Triple negative breast cancer (TNBC) is an aggressive form of disease that does not possess the most common types of receptors that are ordinarily targeted by many breast cancer treatments. It accounts for 10-15 percent of all breast cancers and is associated with poorer patient outcomes, according to the American Cancer Society. TNBC is more likely to have metastasized, or spread, to vital organs by the time it is diagnosed and is more likely to recur following treatment than other types of breast cancer.

“There are currently very few drugs that effectively inhibit the growth of triple negative breast cancer metastases, and our studies seek to discover new combination therapies that may be effective treatments for the disease,” said Harrell, a member of the Cancer Molecular Genetics research program at Massey and assistant professor of pathology at the VCU School of Medicine. “By specifically testing a unique set of metastasis models, we are seeking to provide new treatment options for current patients with advanced TNBC.”

In 2015, the National Cancer Institute launched MATCH, a precision medicine clinical trial in which cancer patients are assigned a specific course of treatment based on the genetic mutations found in their tumors through DNA testing and genomic sequencing. Through this method, the drugs prescribed are intended to target the mutated cells unique in each cancer patient.

However, Harrell said it is rare that a single drug will be effective in the long-term to prevent the tumor from returning or growing. The purpose of his research project funded by Komen is to identify secondary drugs or combinations of treatments that can be given to a patient in addition to the NCI-MATCH assigned therapy for more effective treatment of metastatic breast cancer.
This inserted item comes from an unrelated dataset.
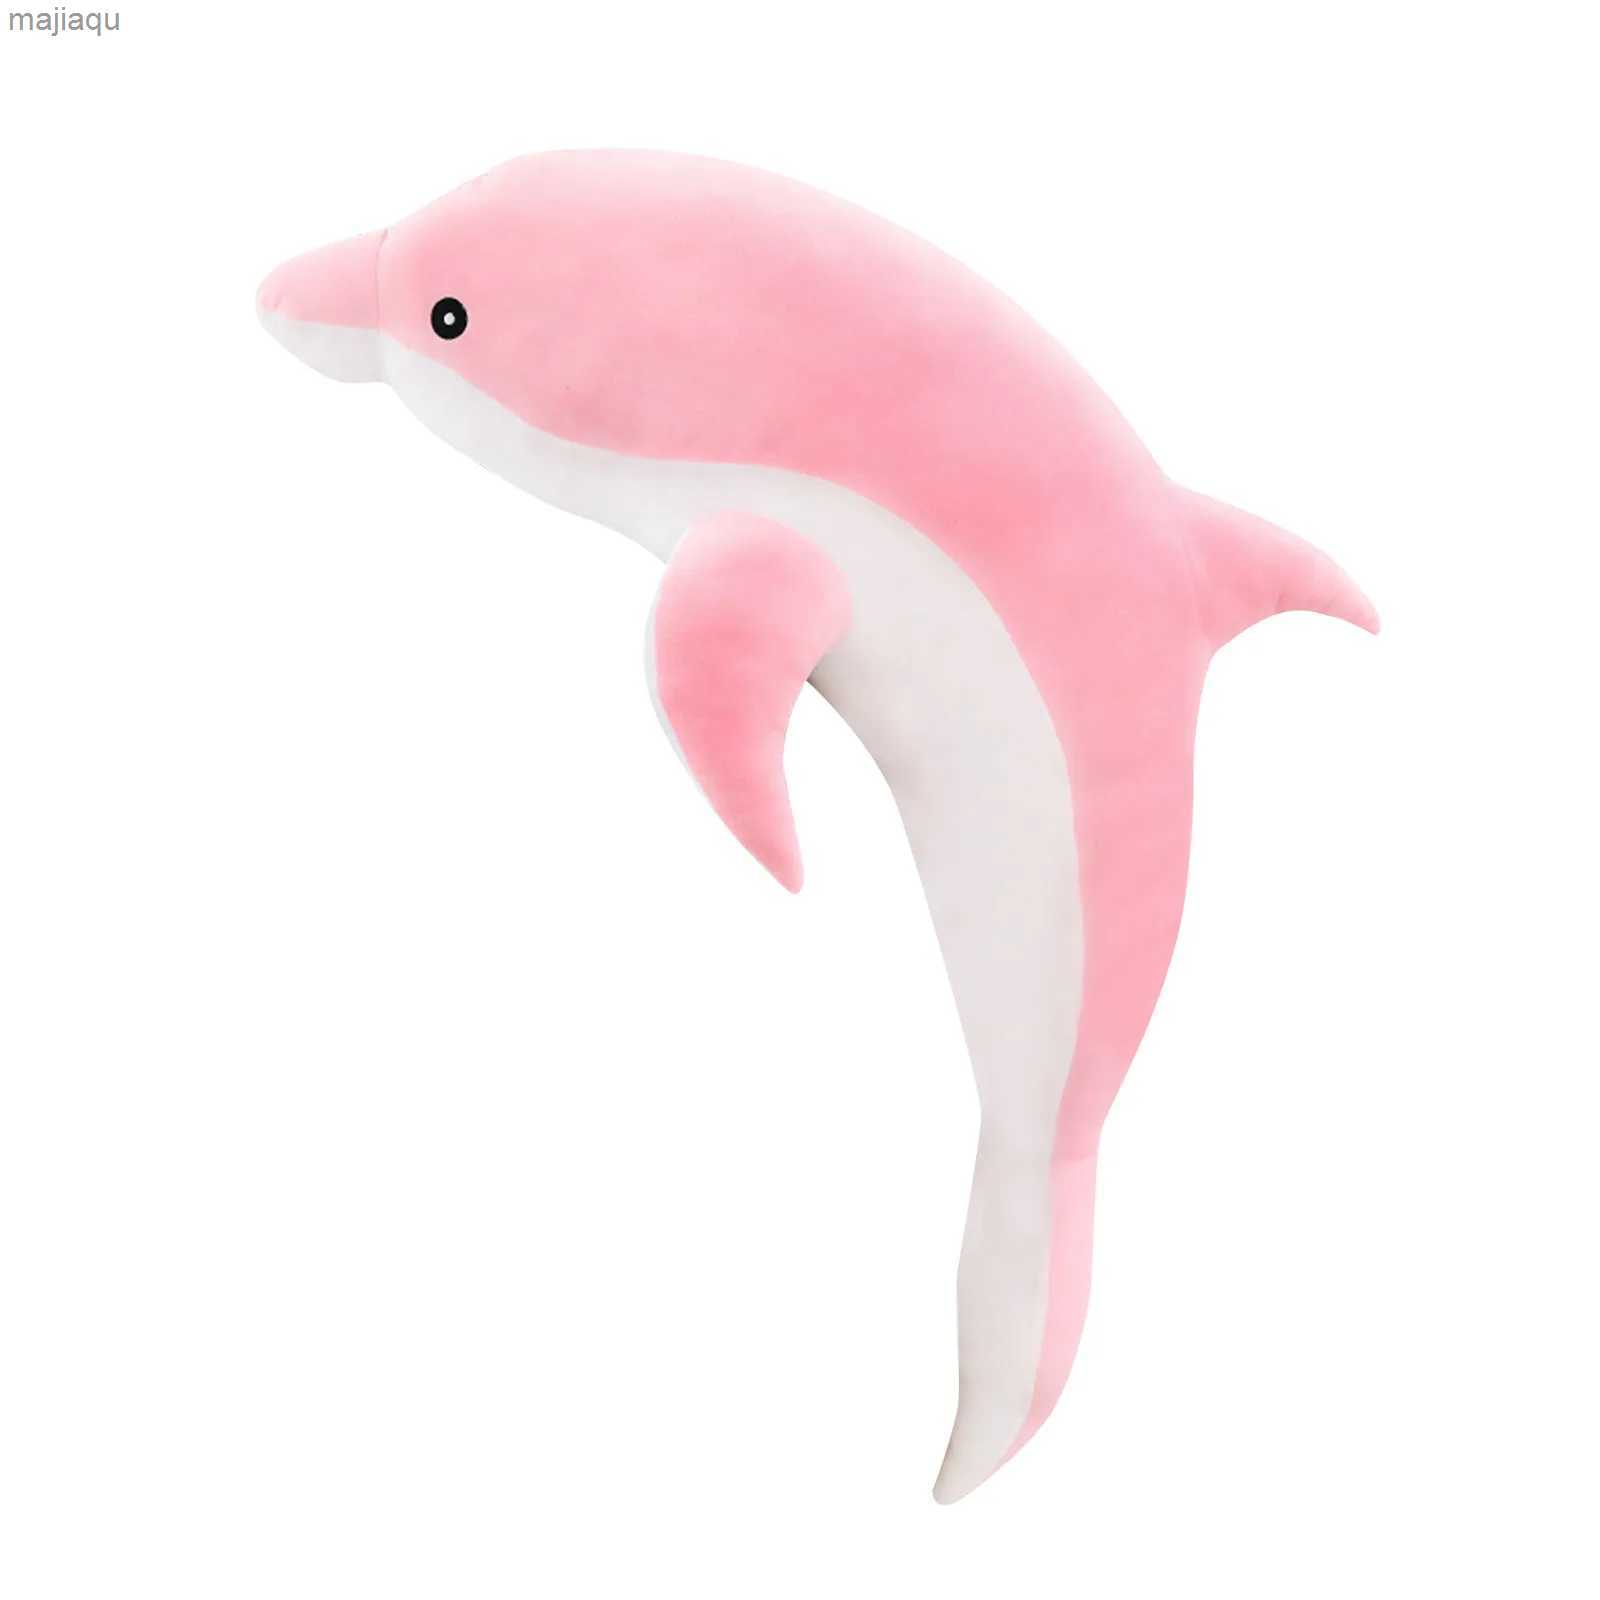 Plüschpuppen 30 cm Delphin Doll Kissen Plüsch Spielzeug niedliche Marine Animal Raillierpuppe Kinderpullen 2404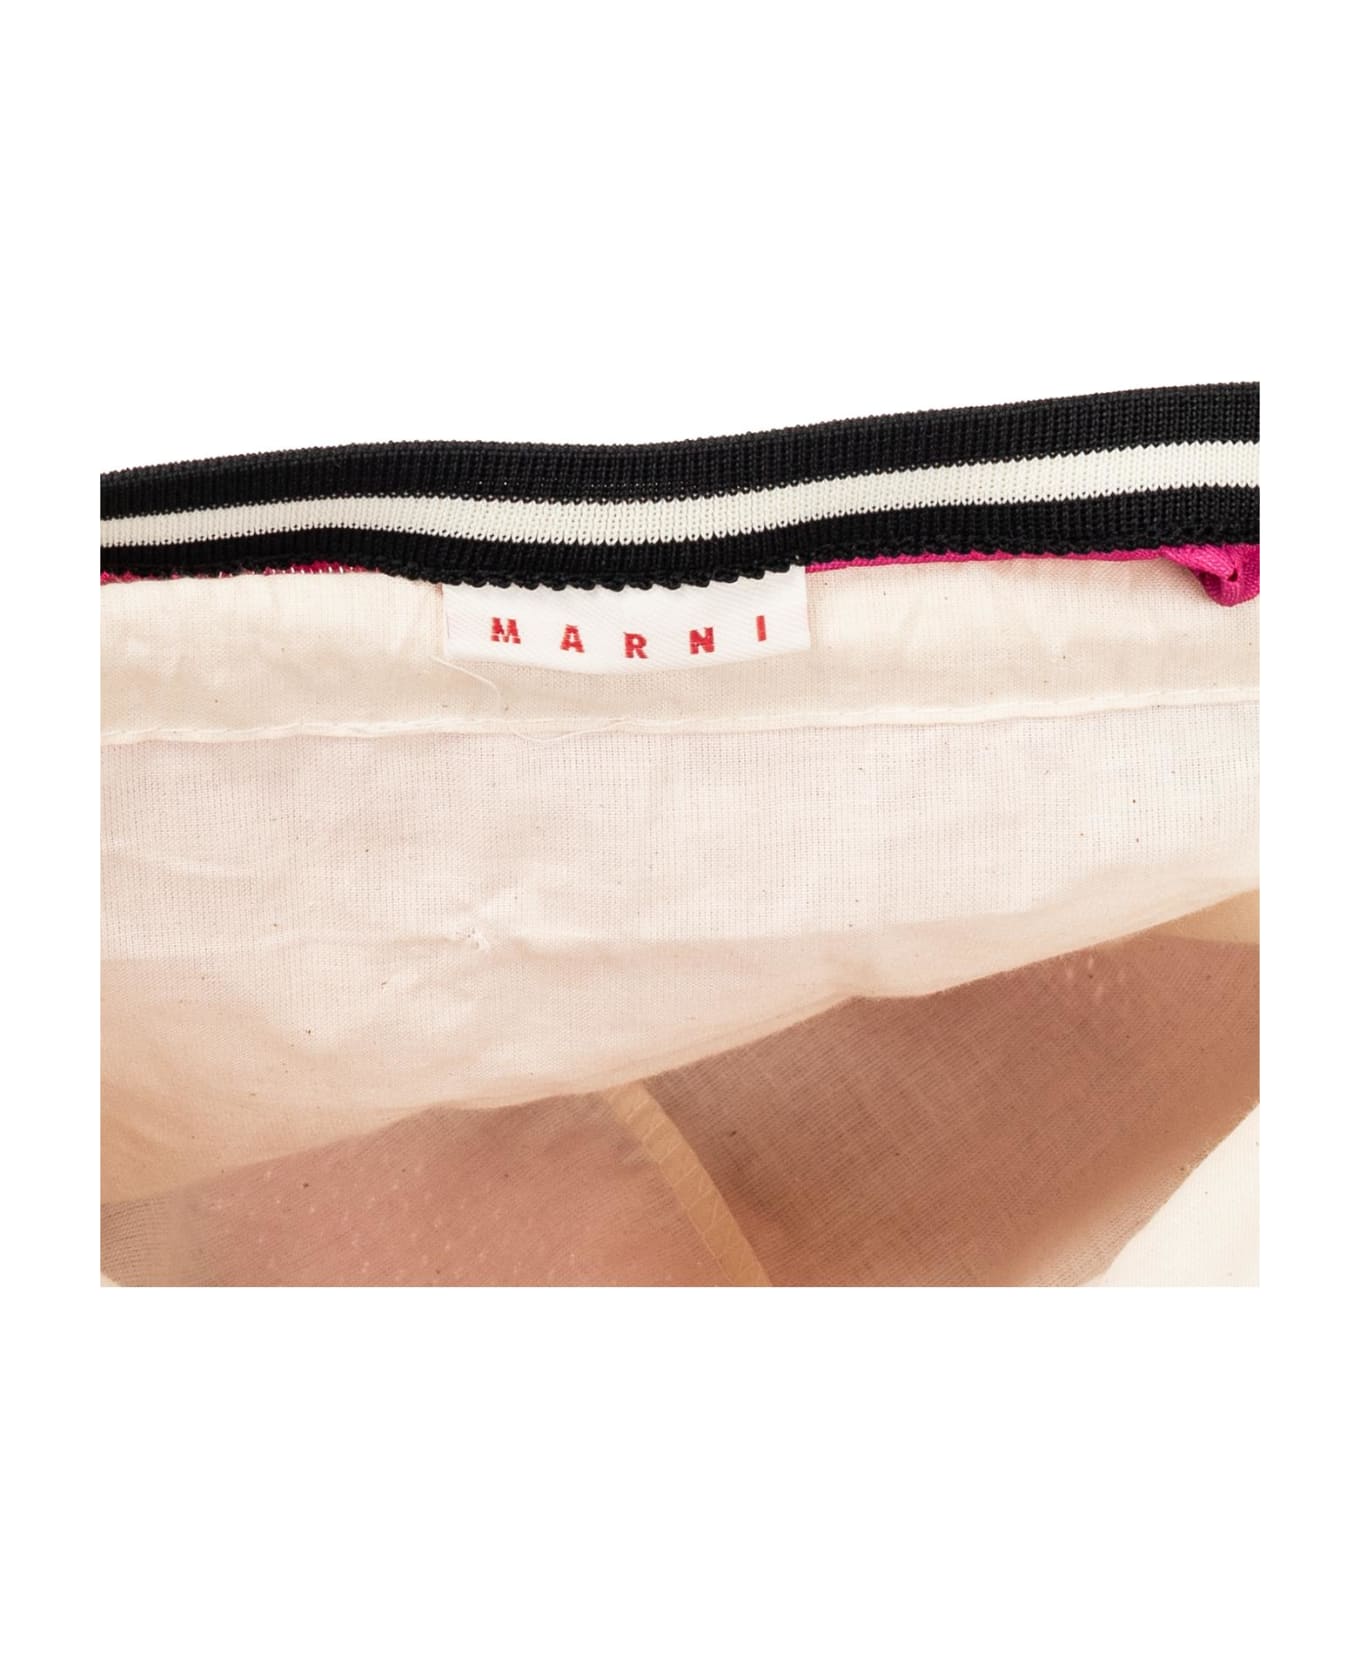 Marni Shopper Bag With Logo Marni

Funded through a three-year Career Catalyst Research Grant, Harrell’s lab will assess 50 genes frequently mutated in a variety of cancer types and separate patient-derived xenografts (PDXs) — tumor samples that have been extracted from cancer patients and used as models for research — into treatment groups as defined by NCI-MATCH. Once the samples have been classified into the different disease groups, Harrell will first treat the tumors individually and then in combination with one of more than 1,000 medications approved by the U.S. Food & Drug Administration. The three drug combinations most efficient at killing the cancer cells will then be tested on more PDX tumors in other preclinical models.

“The drug combinations that are most effective will then be tested on established metastases, including those that have become unresponsive to chemotherapy,” Harrell said. “We hope to provide new rational treatment options that can be tested in clinical trials of metastatic breast cancer patients starting in 2022.”

Collaborators on this research include Mohammad Al-Zubi from Harrell’s lab; and Andrea Ferreira-Gonzalez, Ph.D., and Scott Turner, Ph.D., of the Department of Pathology at the VCU School of Medicine.

Susan G. Komen awards Career Catalyst Research Grants to support outstanding translational research focused on the understanding, detection and treatment of metastatic breast cancer in an effort to cut the number of breast cancer deaths in half by 2026.

“Breast cancer does not affect everyone equally and with the grants we’re funding this year, we’re moving closer to new therapies for aggressive forms of cancer, understanding why treatment doesn’t work in some patients and making sure everyone has access to the care they need,” said Paula Schneider, CEO of Komen.